→ YOUR GOAL: Pictures aside, the data must be reproduced exactly.

→ DATA EXCERPT:
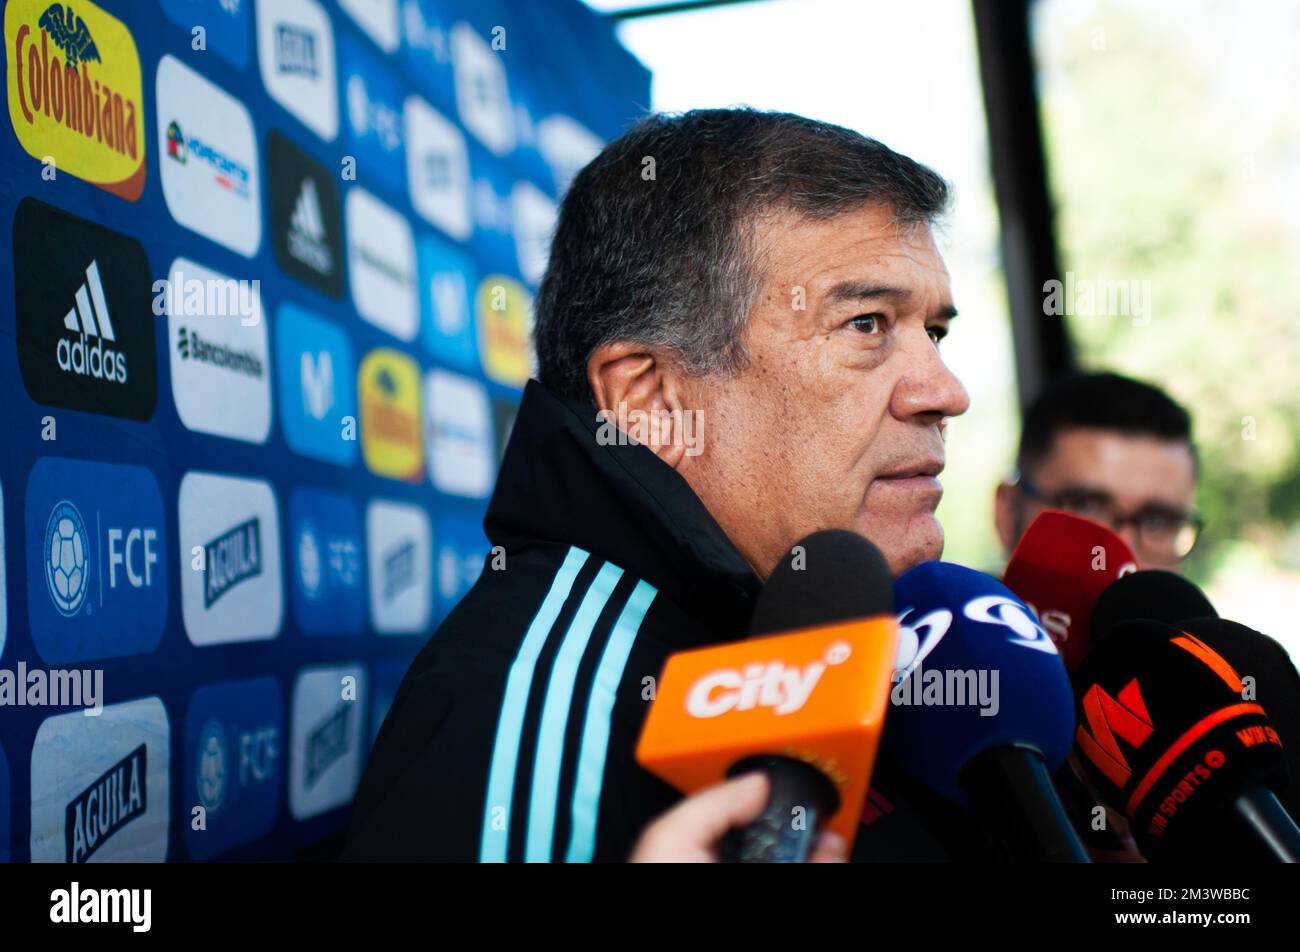 Team manager Nelson Abadia speaks with the media during Colombia's womens team preparations in Bogota, Colombia for the 2023 Australia's Womens World Cup, december 15, 2022. Photo by: S. Barros/Long Visual Press Stock Photo
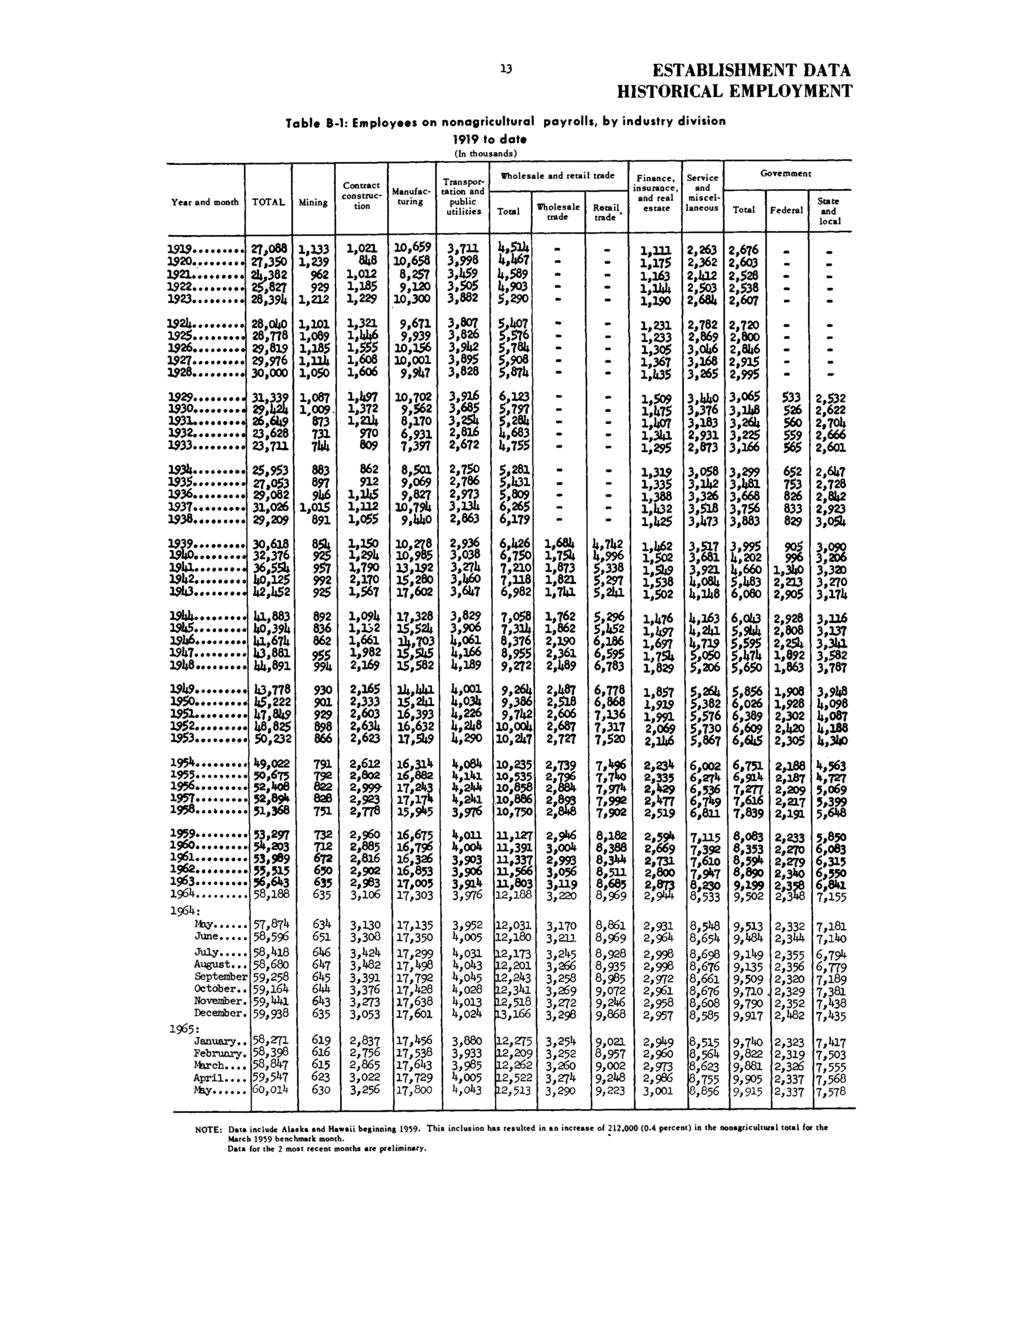 ESTABLISHMENT DATA HISTORICAL EMPLOYMENT Table B-l: Employees on nonagricultural payrolls, by industry division 1919 to date (In thousands) Year and month TOTAL Mining Contract construction
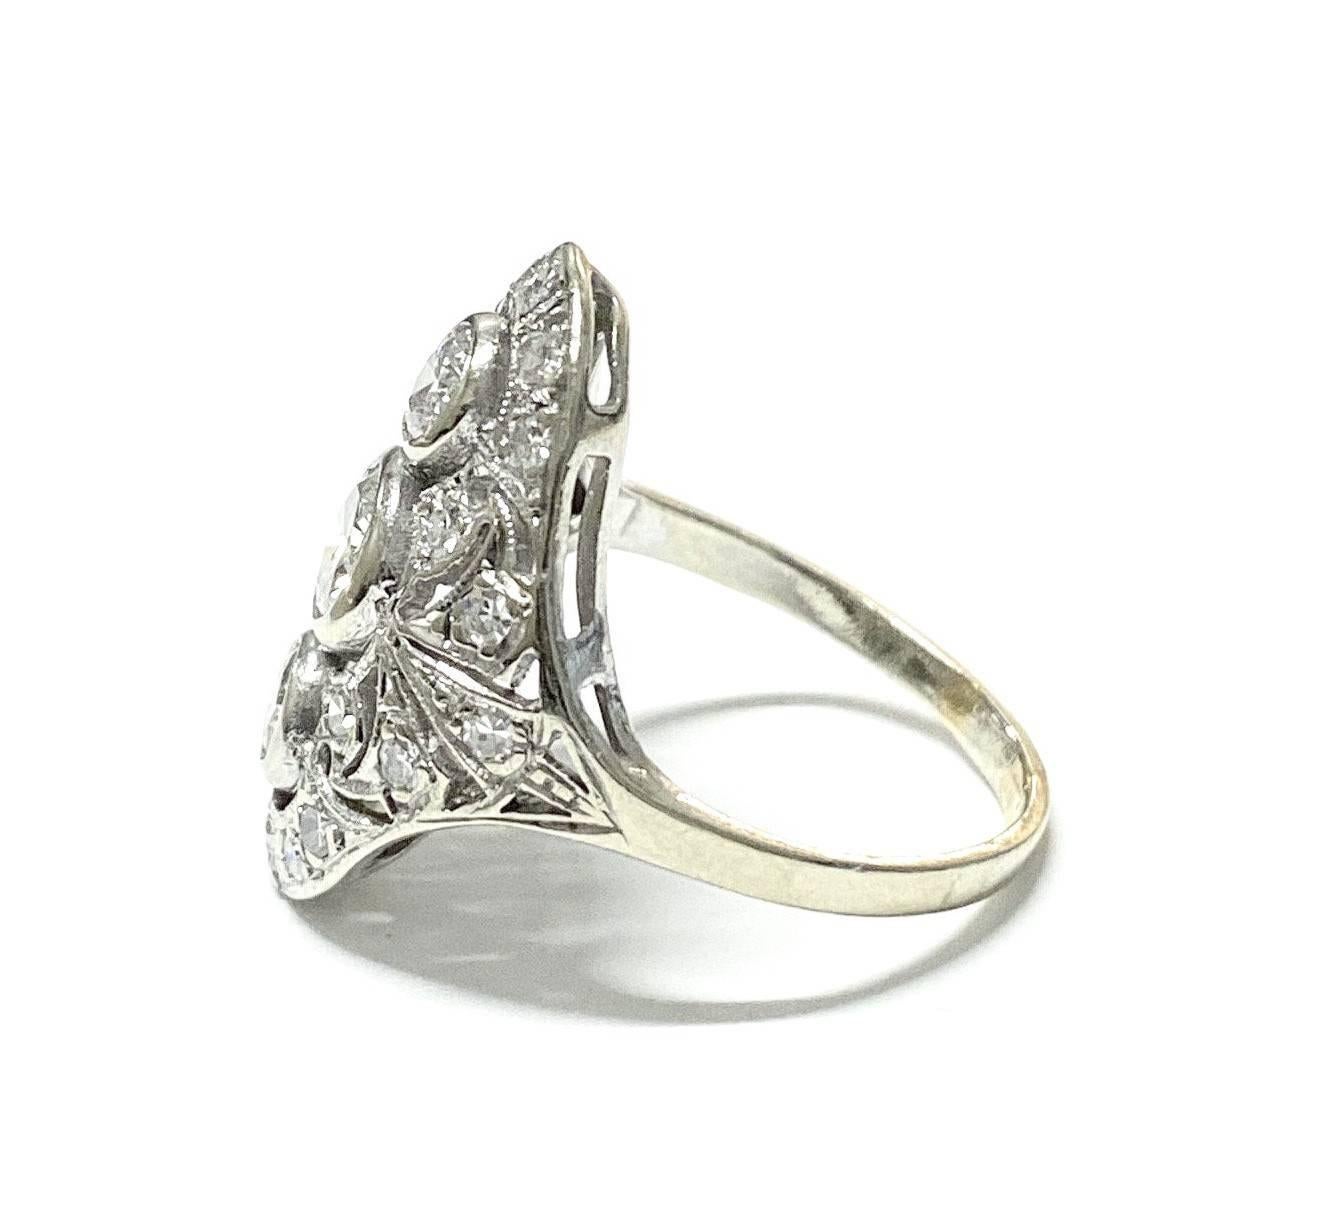 For sale we have a Navette style Art Deco Cocktail Ring. This ring contains 1.25 CTW of single cut Diamonds set in 14K White Gold Filigree. This piece is currently a finger size 7.25 but we do offer sizing upon request (fees may apply). This ring is

→ OUTPUT OF THE EXERCISE:
 Team manager Nelson Abadia speaks with the media during Colombia's womens team preparations in Bogota, Colombia for the 2023 Australia's Womens World Cup, december 15, 2022. Photo by: S. Barros/Long Visual Press Stock Photo
 ESTABLISHMENT DATA HISTORICAL EMPLOYMENT Table B-l: Employees on nonagricultural payrolls, by industry division 1919 to date (In thousands) Year and month TOTAL Mining Contract construction
 For sale we have a Navette style Art Deco Cocktail Ring. This ring contains 1.25 CTW of single cut Diamonds set in 14K White Gold Filigree. This piece is currently a finger size 7.25 but we do offer sizing upon request (fees may apply). This ring is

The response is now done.